A yearlong independent study challenges U.S. lawmakers and state agencies to consider the effectiveness of long-term prison sentences.
The Council on Criminal Justice, a nonpartisan think tank made up of a diverse panel of law enforcement officials, advocacy groups, victims, former prosecutors and former prisoners, convened the task force that conducted the study.
The independent task force, co-chaired by former South Carolina Rep. Trey Gowdy and former U.S. Deputy Attorney General Sally Yates, defined a long sentence as one of 10 years or more. In 2020, 63% of people incarcerated in state prisons met that criterion, compared to 46% in 2005, reported USA Today.
“The long sentences we have today were created … when people wanted simple solutions … It’s a good moment now to reflect on what we’ve learned about victimization, what we’ve learned about the cost of incarceration and how people [age out of crime],” said John Maki, director of the task force.
The task force faces the question of what incarcerated people need in order to re-acclimate into society and to ensure public safety upon release, according to the report.
Offenders often require additional support to prevent recidivism.

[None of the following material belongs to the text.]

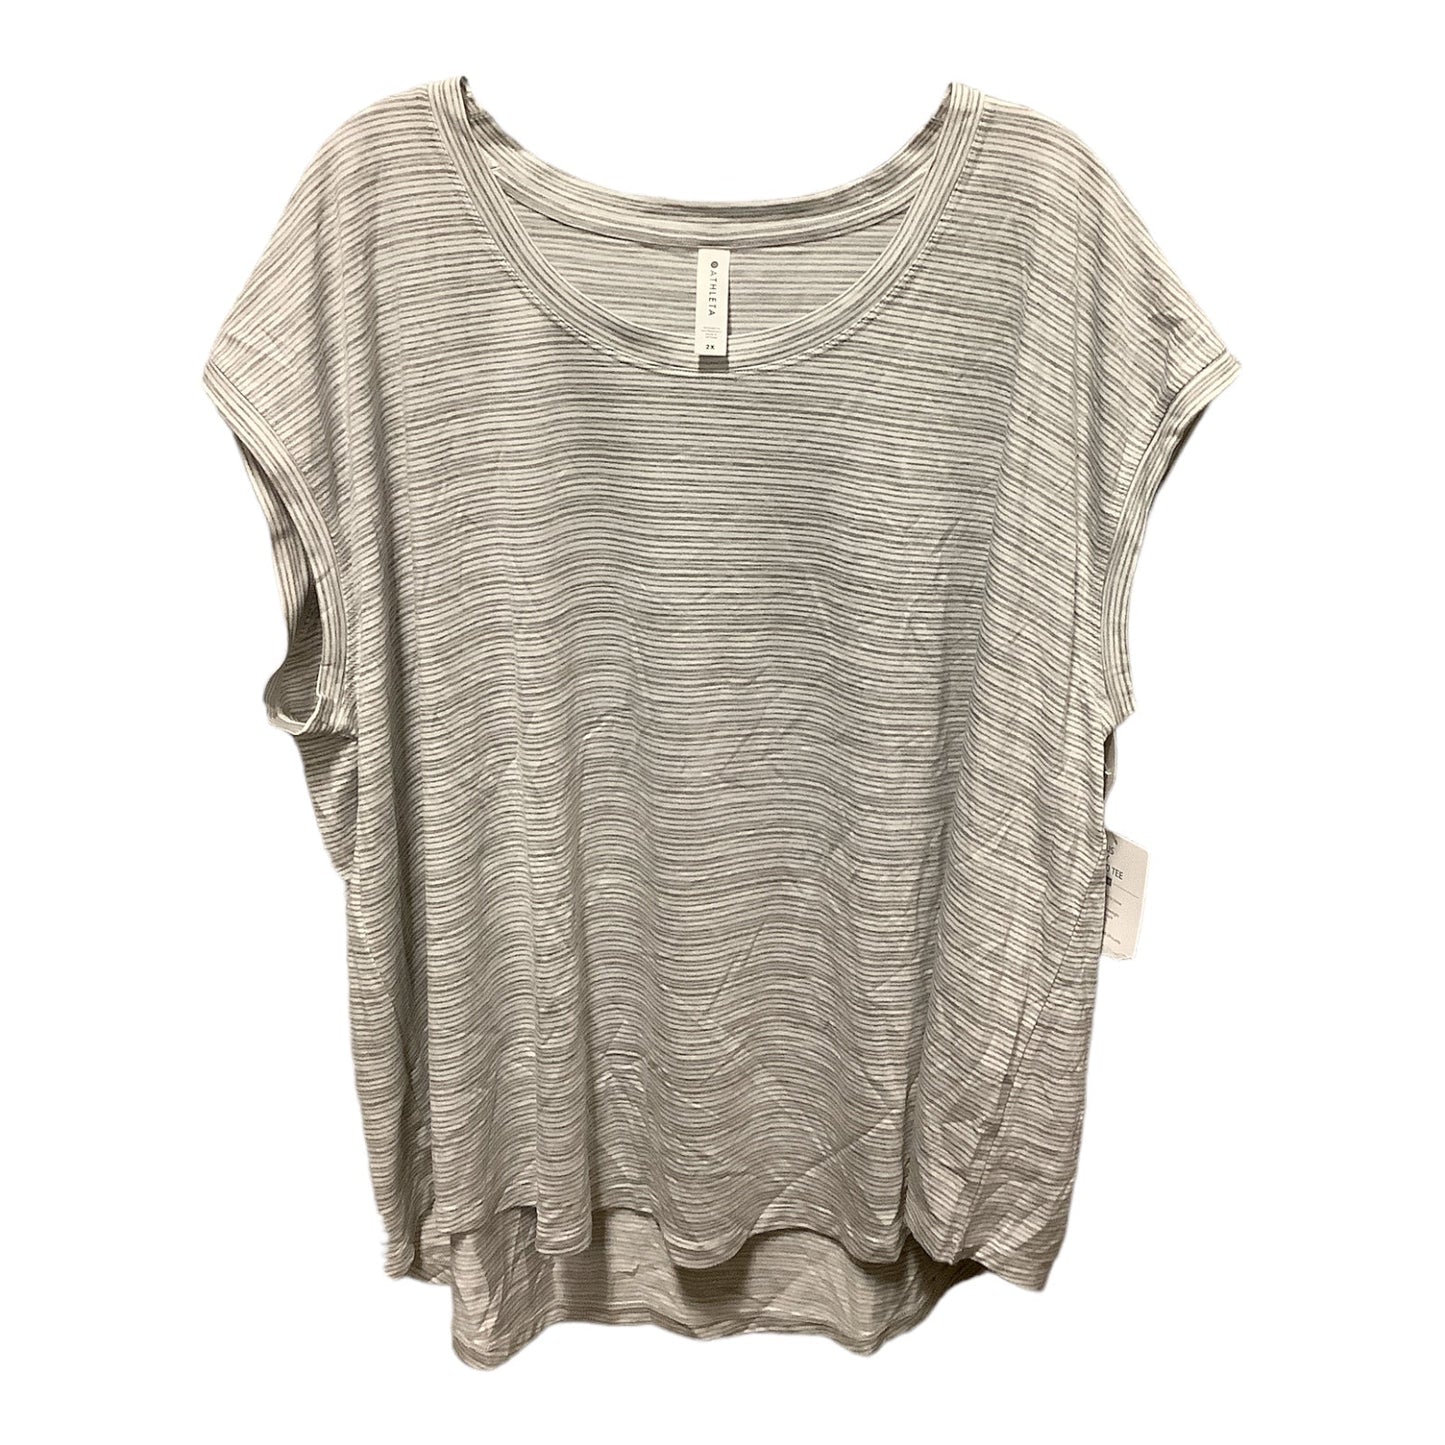 Athletic Top Short Sleeve By Athleta  Size: 24
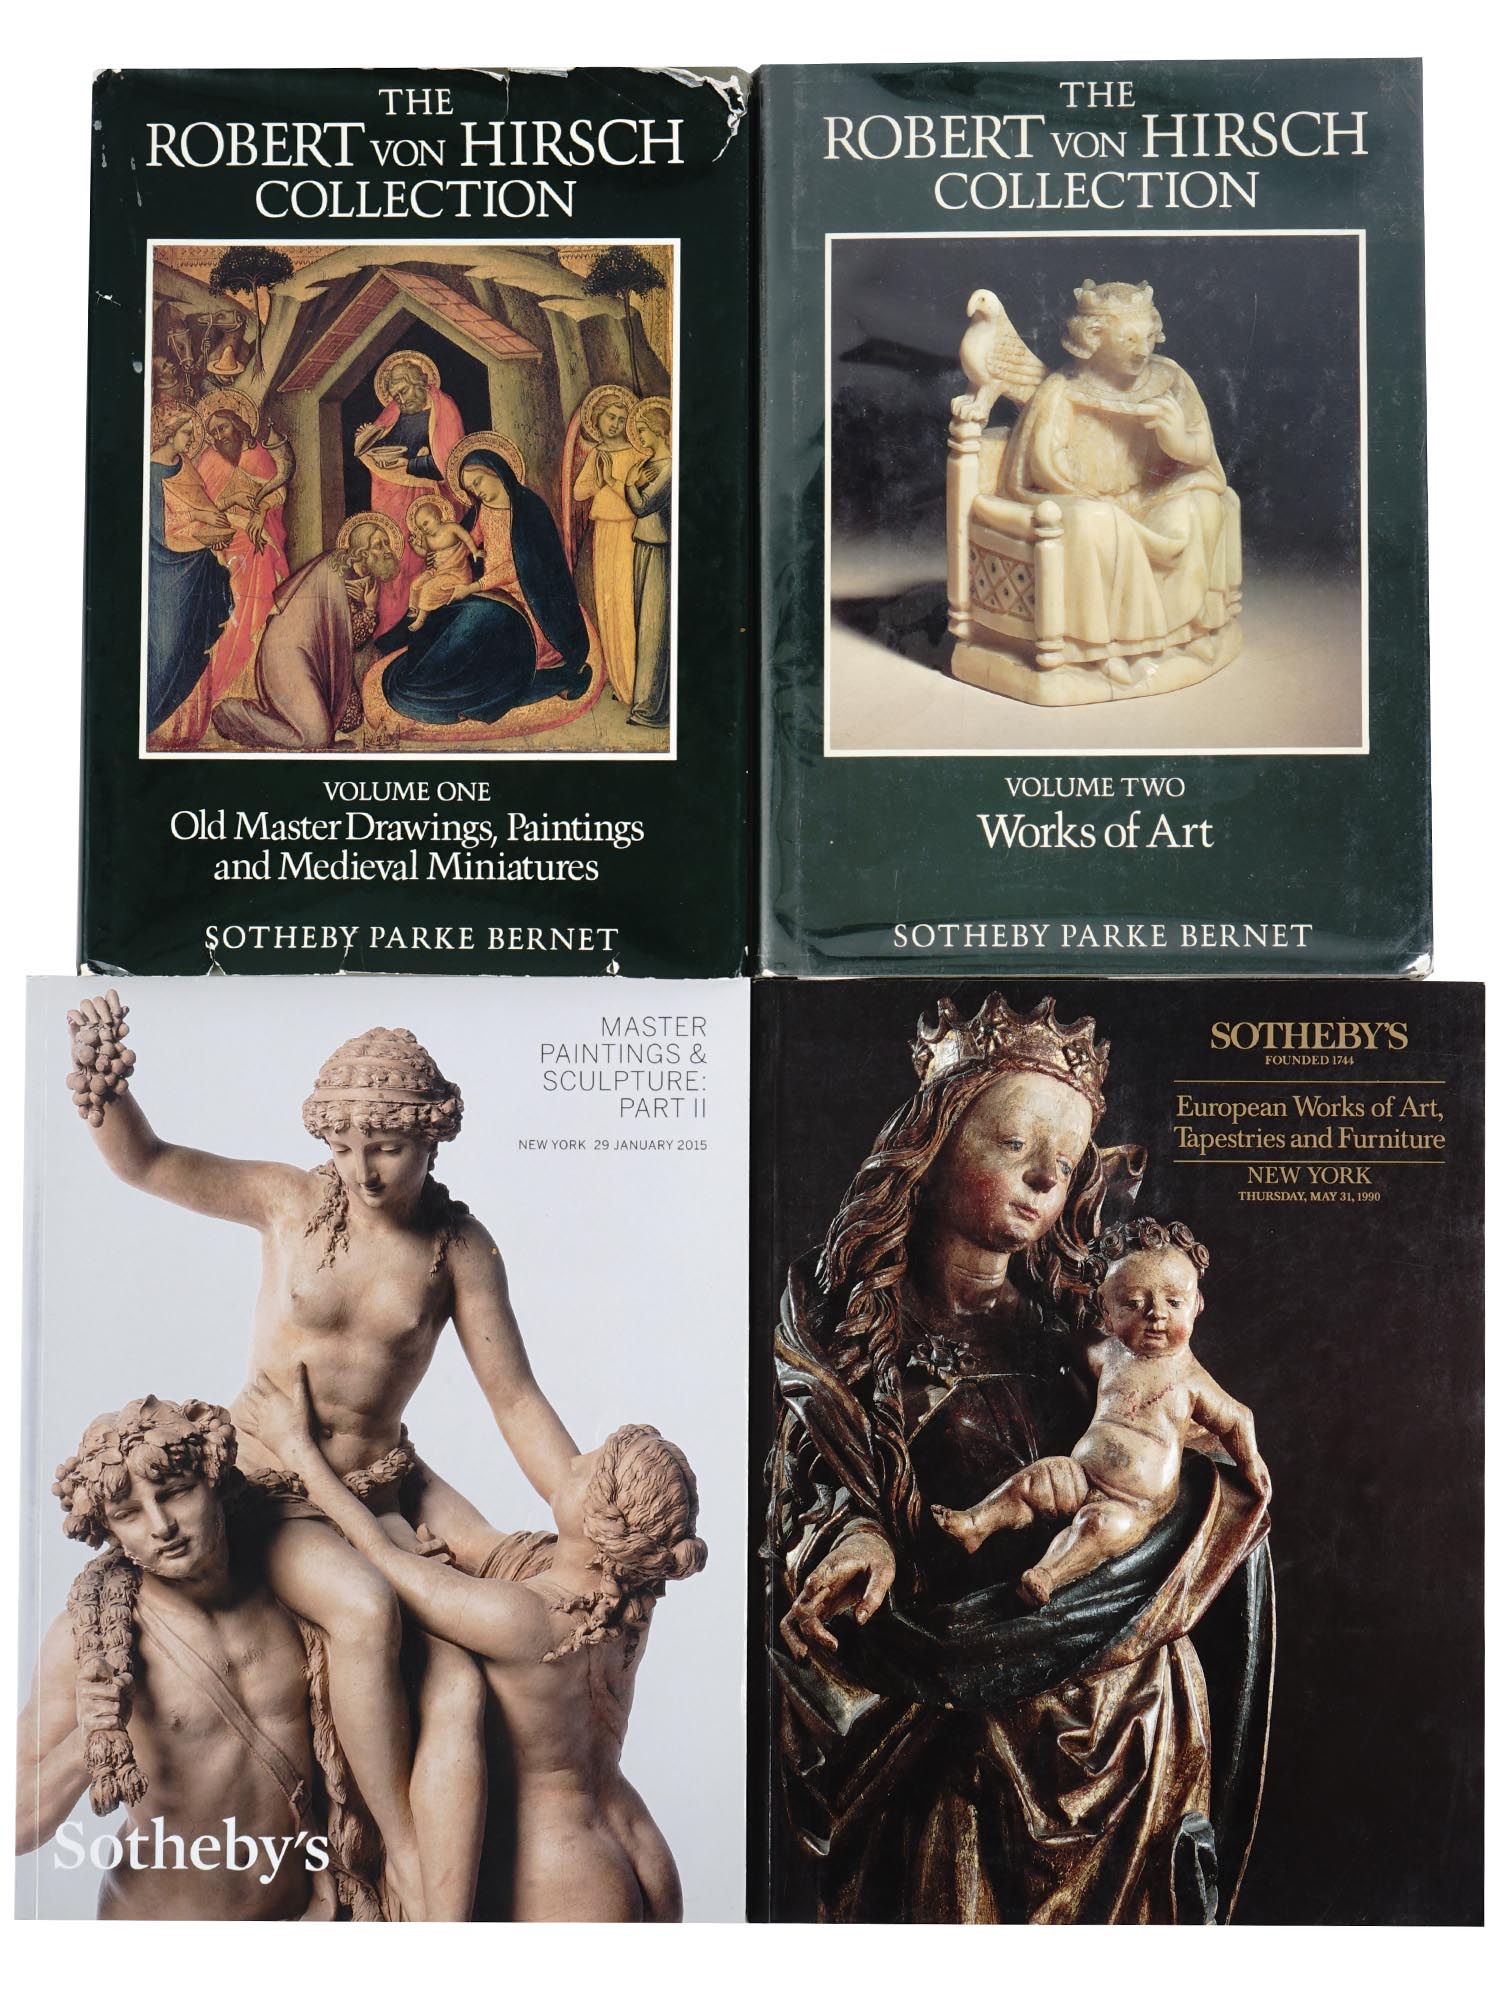 HIRSCH COLLECTION ART BOOKS AND AUCTION CATALOGS PIC-1

Offering behavioral health services to prisoners can help them heal from unresolved trauma.
The task force’s focus remains on ensuring individual treatment of prisoners’ cases. Any sentence enhancement should not be based on prior criminal history, and instead based on a risk assessment of reoffending, said the report.
The report also recommended reevaluating long-term sentences involving drugs, primarily when the quantity of drugs involved in the crime extended the offender’s sentence.
The think tank challenged state and federal authorities to address the barriers that victims and survivors face. It also stressed the need to create more access to mental health services for all parties affected.
Maintaining public safety is an increasing concern, especially as homicide rates continue to rise. The question remains whether long sentences are the best way to use public safety dollars.
As long sentences get reduced, funds that would have been used by prisons can go instead to community organizations and strategies to support victims and further prevent violence, the story said.
Amy Fettig, task force member and director of The Sentencing Project, continues to advocate for the elimination of mandatory sentence minimums.
“There are so many people today who have served long sentences, who have been released, who become agents of public safety … It’s important to not lose sight of that,” Maki said.